Here is my third project. This is intended to be used with slitting saws with a 1/2" diameter hole in them. I have several on order from ebay but they have not come in yet.


----------



## T Bredehoft (Sep 19, 2022)

Looking good.


----------



## Dhal22 (Sep 19, 2022)

Yes,  looks great.


----------



## Winegrower (Sep 20, 2022)

I like the way you did the cap.   That can lead to a very low profile which is generally pretty useful.


----------



## sn8kboy (Sep 20, 2022)

Winegrower said:


> I like the way you did the cap.   That can lead to a very low profile which is generally pretty useful.


Thank you! Yes keeping a low profile on the bottom of the arbor allows a little bit more room than the ones I have seen for sale on line. That is why I made one instead of buying one. The top cap can be removed with a 1/2 inch wrench.


----------



## sn8kboy (Sep 22, 2022)

The Saws just arrived and they fit perfectly!


----------



## sn8kboy (Sep 23, 2022)

I laser engraved the arbor with the diameter of the arbor and the hole size of the saw blades.


----------



## brino (Sep 23, 2022)

The arbor looks great!
Well done.



sn8kboy said:


> The Saws just arrived and they fit perfectly!



Perhaps that was just the test fit, but be aware that the way you have that saw mounted in post #6 it will be turning backwards for a conventional vertical mill. You need to flip the blade over.

Only mentioned in case you haven't run one before.



sn8kboy said:


> I laser engraved the arbor with the diameter of the arbor and the hole size of the saw blades.

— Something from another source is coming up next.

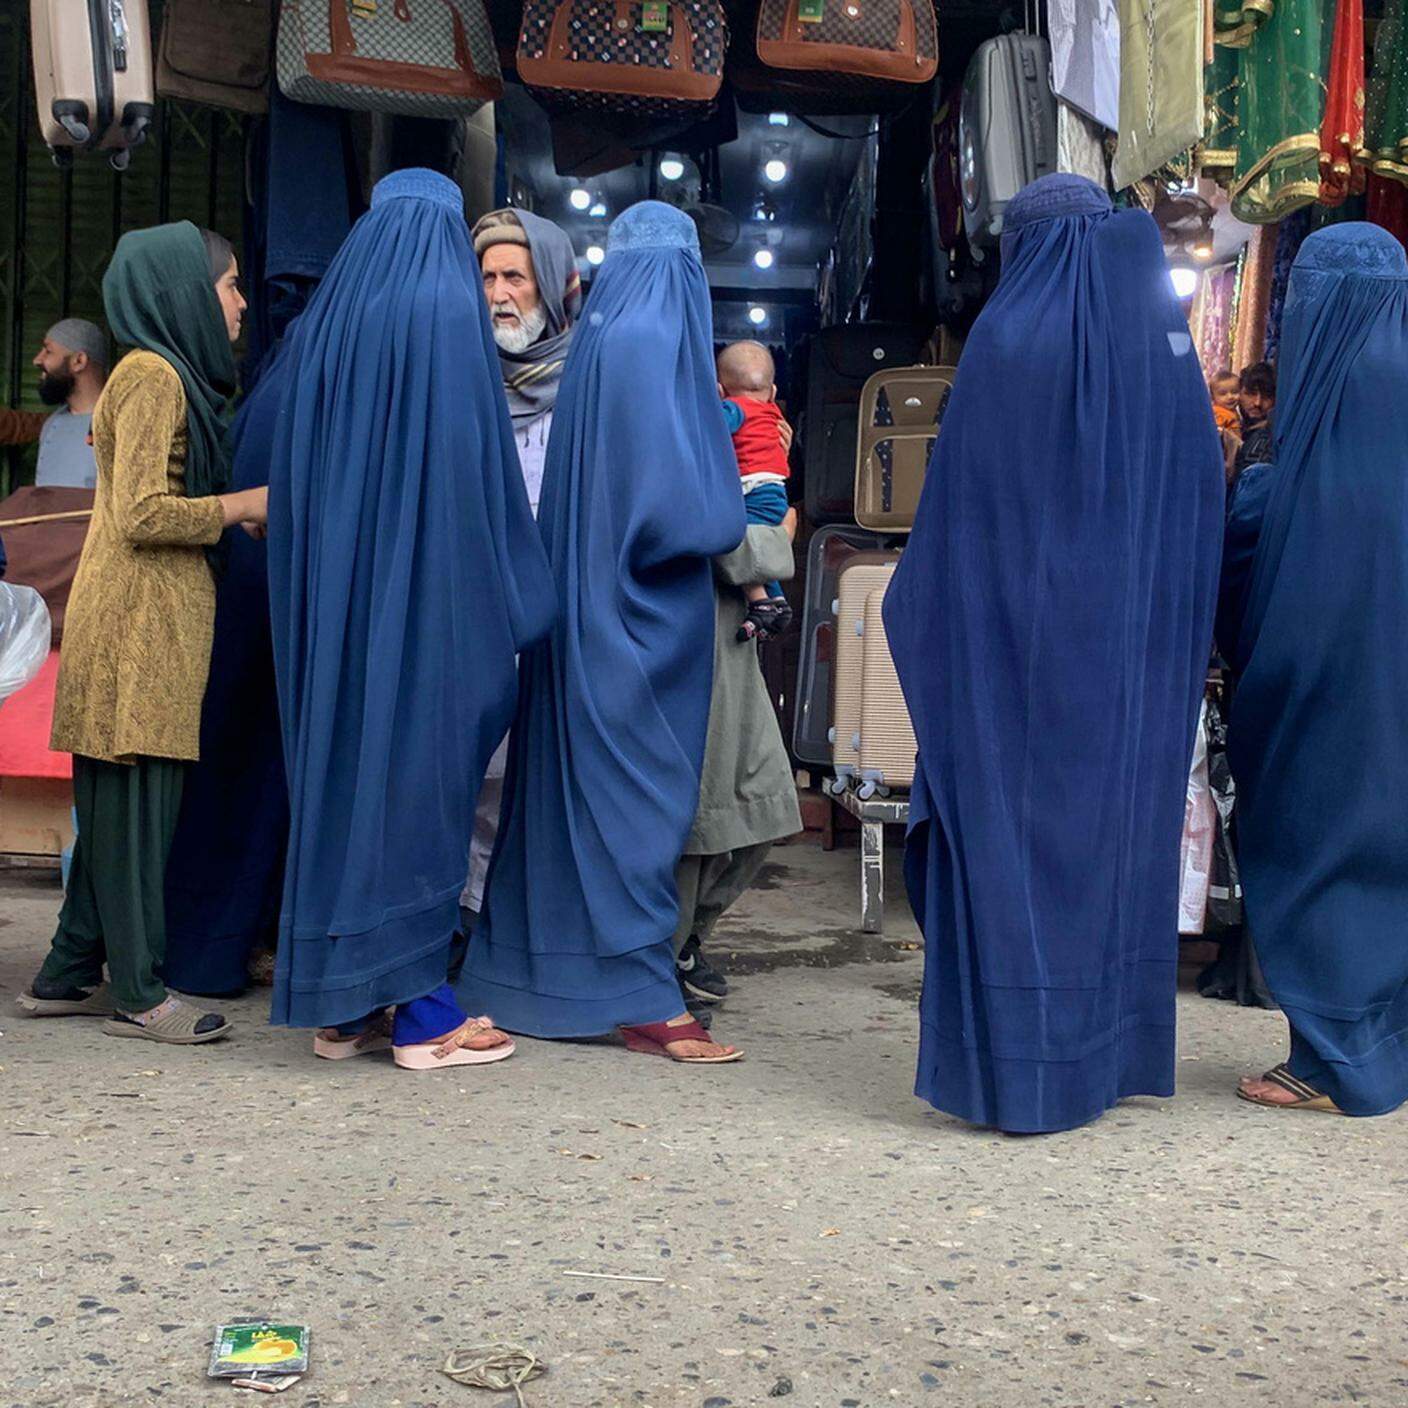 Secondo un decreto emesso dal comandante supremo dei talebani Haibatullah Akhunzada il 7 maggio, le donne afghane devono indossare un burqa che copre tutto mentre sono in pubblico, avvertendo i tutori maschi delle donne che saranno ritenute responsabili dalla legge se le donne non seguono il nuove restrizioni

Wow the engraving looks amazing!
What machine/process do you use?

Brian


----------



## Boswell (Sep 24, 2022)

brino said:


> Wow the engraving looks amazing!
> What machine/process do you use?


+1


----------



## sn8kboy (Sep 25, 2022)

brino said:


> The arbor looks great!
> Well done.
> 
> 
> ...


Hi Brian

I am using a 50 watt fiber laser from LaserStar.net. I just made a coin for one of the guys in my Shelby Cobra Car Club. Here is a picture of the finished product and a video of me engraving it with the laser. Sorry that the video did not focus very well probably because of how bright the laser was. You cannot tell by the angle I took the picture but the dark area is .250 mm deep which is one of the options when setting up the cut. I can go as deep as about 1.5 mm deep but that would take some time and would cut right through the coin.


----------